I glance up to see him shake his head, his thick neck barely moving. “You were the only one who did. The impact was right on your side.”
“It felt like I was being crushed.”
“You were.” He is silent for a beat. “Eleven was worried.”
“Was he?” My voice is carefully even.
“He was out of the car before we’d even stopped moving. I don’t know how he was strong enough to rip that door away from you.”
“I’m a member of the team. Of course he’d try to help me.” I keep my head bent, my eyes on his cut. It starts to bleed again, a slow, steady trickle, and I press the cloth into it.

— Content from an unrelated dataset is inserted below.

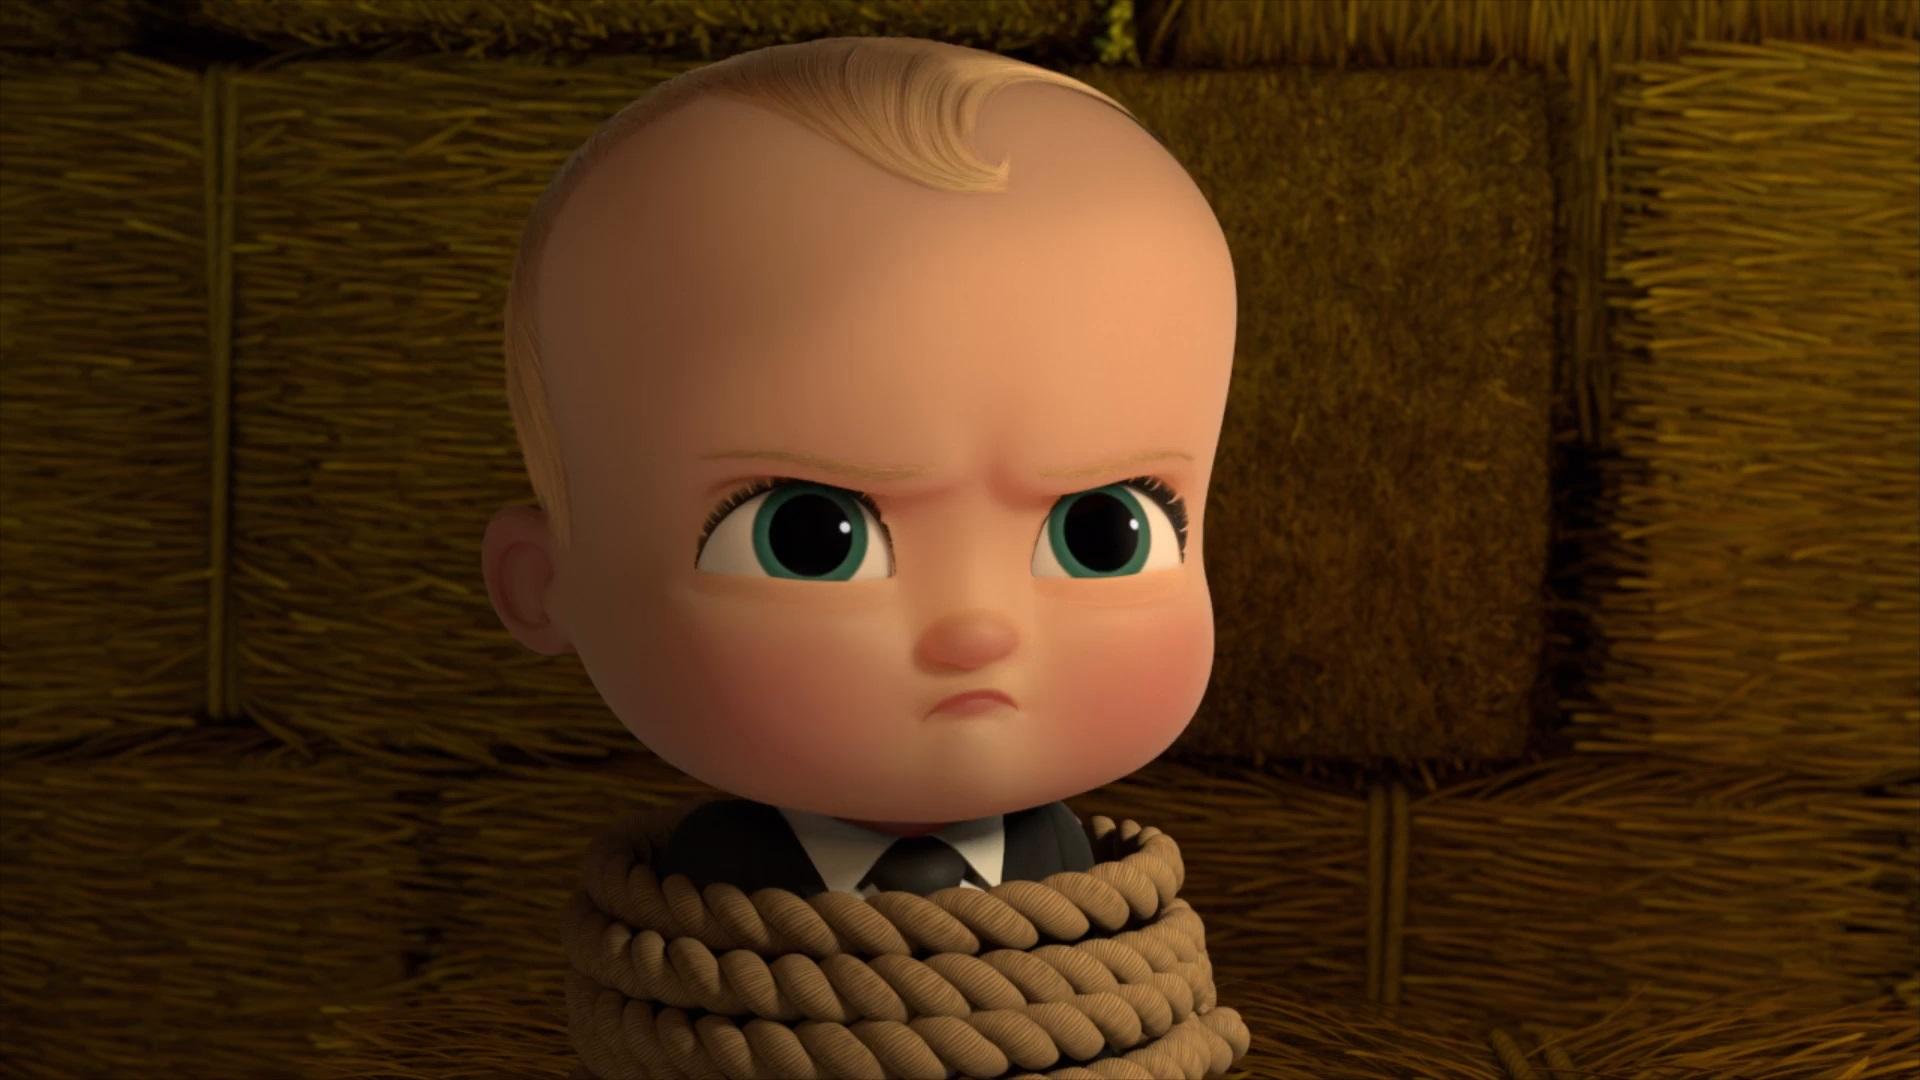 Patron Bebek: Yakala Bebeği | 2020 | WEB-DL | XviD | Türkçe Dublaj | m720p - m1080p | WEB-DL | Dual | TR-EN | Tek Link

“I don’t think that’s all it is.”
I stay quiet.
“You two have a history?”
He says it like a statement instead of a question, and again, I do not answer. His wound is clean now, and I wrap a new piece of cloth around it, tying the ends together tightly.
“How is it possible? We were in the same training group. When could you have met him?”
“I don’t know what you’re talking about.” I gather the bloody, alcohol-soaked rags and move to turn away, but Tim reaches out, his hand circling my wrist.
“You can trust me, you know.” His eyes look almost as green as mine, soft in the morning light that creeps in through the cracks in the walls. “You don’t have to hide from me.”
“I’m not hiding.”
“Then answer one question.”
The dust from the barn dances in the air between us. I don’t respond, but I don’t pull away from him either.
“Were you brainwashed?”
I shake my head, so slightly I barely move, but I know he sees it when his eyes crinkle at the corners.
“You remember your family, don’t you? I’m not the only one?”
“I . . . was close to my grandfather. He helped raise me.” Now I do pull away, holding the dirty rags close to my chest.